Корнилов выражал свое искреннее, действительное понимание.
Один раз действительное, два раза действительное, три раза. А потом? Что должно было наступить потом...
Конечно, Нина Всеволодовна могла догадаться об этом счете, который вел Корнилов, и вот он думал; «Пусть! Пусть догадывается. Чем скорее догадается, тем, наверное, лучше!» А может быть, она уже и догадалась? Если говорила так:
— Лазарев никогда не может повториться! Но самое страшное в другом: что если повторится что-то похожее? Какая-то тень явится ко мне, тень того, что было... И собачонка кинется к этой тени и побежит за ней. Ведь в тени тоже есть часть того, от чего она исходит? Сотая, тысячная доля, но есть же? И вдруг – только представь себе весь этот ужас! – вдруг я уступаю тысячной, что ли, этой крохотной какой-то частичке? Как ты думаешь, Петр? Мне очень страшно а вам? Вам не страшно? Тебе не страшно? – Она путала «ты» и «вы»...
А Нина Всеволодовна, говорившая на «вы», и Нина Всеволодовна на «ты» – это были очень разные женщины, даже с разной внешностью.
«Вы» жила памятью о муже и все еще была подчинена его непоколебимой власти.
«Ты» страстно хотела быть подчиненной той же власти, но боялась, боялась, боялась эту власть над собой утерять...
И та, и другая Нины Всеволодовны постарели, были убиты потерей, но потеряли-то они, казалось иногда Корнилову, разных Лазаревых, тем более разные судьбы пришли к ним теперь через эти потери.
Нину Всеволодовну «вы» платье облекало почти с той же строгостью, как это неизменно было при жизни мужа, на Нине Всеволодовне «ты», на ее плечах, на груди, в талии платье морщилось, лежало в складках...

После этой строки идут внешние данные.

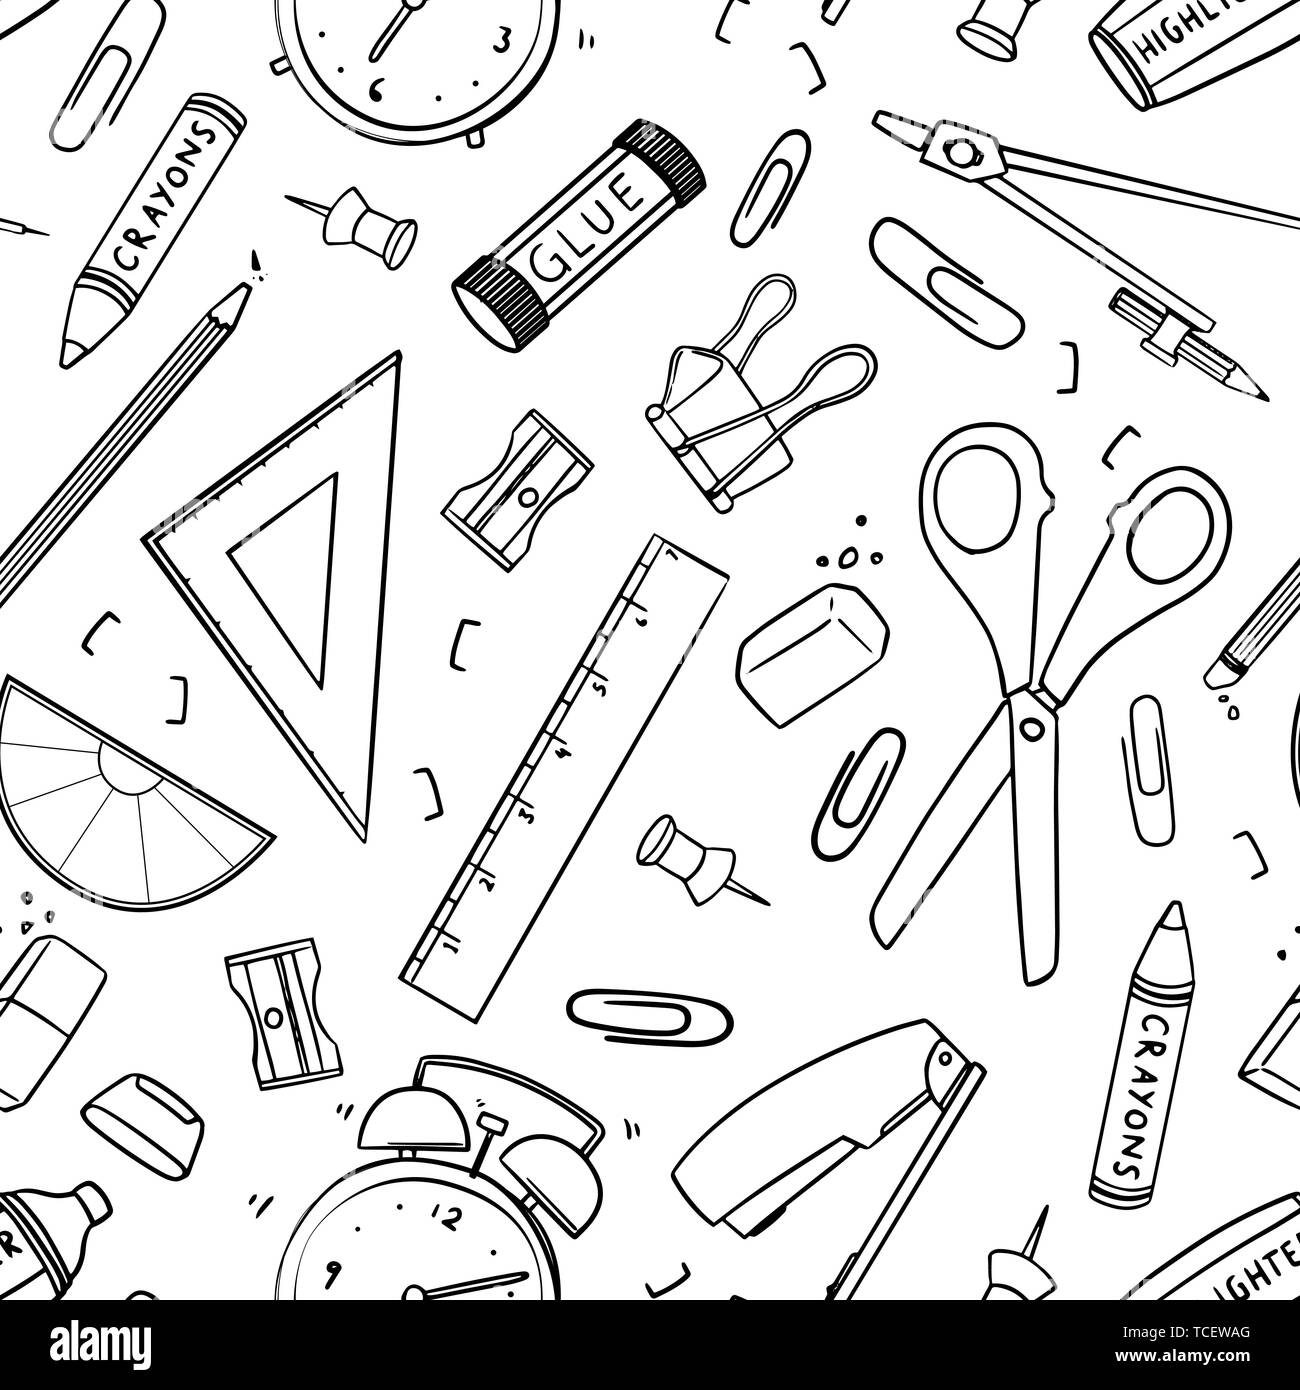 Stationary tool pattern. Seamless vector design; Hand drawn outline of eraser, triangular ruler, scissor, sharpener, pencil, glue stick, paper clip, c Stock Vector

Нина Всеволодовна «вы» предлагала Корнилову чай не сразу: «Я утомила вас, Петр Николаевич, своими излияниями? Давайте попьем теперь чайку!» И она неторопливо поднималась из полукруглого креслица, ставила на примус чайник, а снова в креслице опустившись, молча ждала, когда чайник вскипит. В это время какой-никакой, а уют водворялся в ее комнате.
У Нины Всеволодовны «ты» чай был готов уже к приходу Корнилова, и она тотчас и торопливо наливала стаканы. «Пришел? Садись и поглотаем, надо же чем-то заняться!» А комната ее выглядела убого, запущенно и неряшливо.
Нина Всеволодовна «вы» говорила тихо, убежденно, отчужденно от собеседника и готова была говорить долго-долго, у Нины Всеволодовны «ты» голос порывистый, нервный, глаза недобро следят за выражением лица Корнилова и угрожают. «Вот сейчас и скажу: «Убирайся вон!» И она действительно прерывалась на полуслове: «Хватит, хватит! Иди, Петр, на свою половину, мне нынче не до тебя!»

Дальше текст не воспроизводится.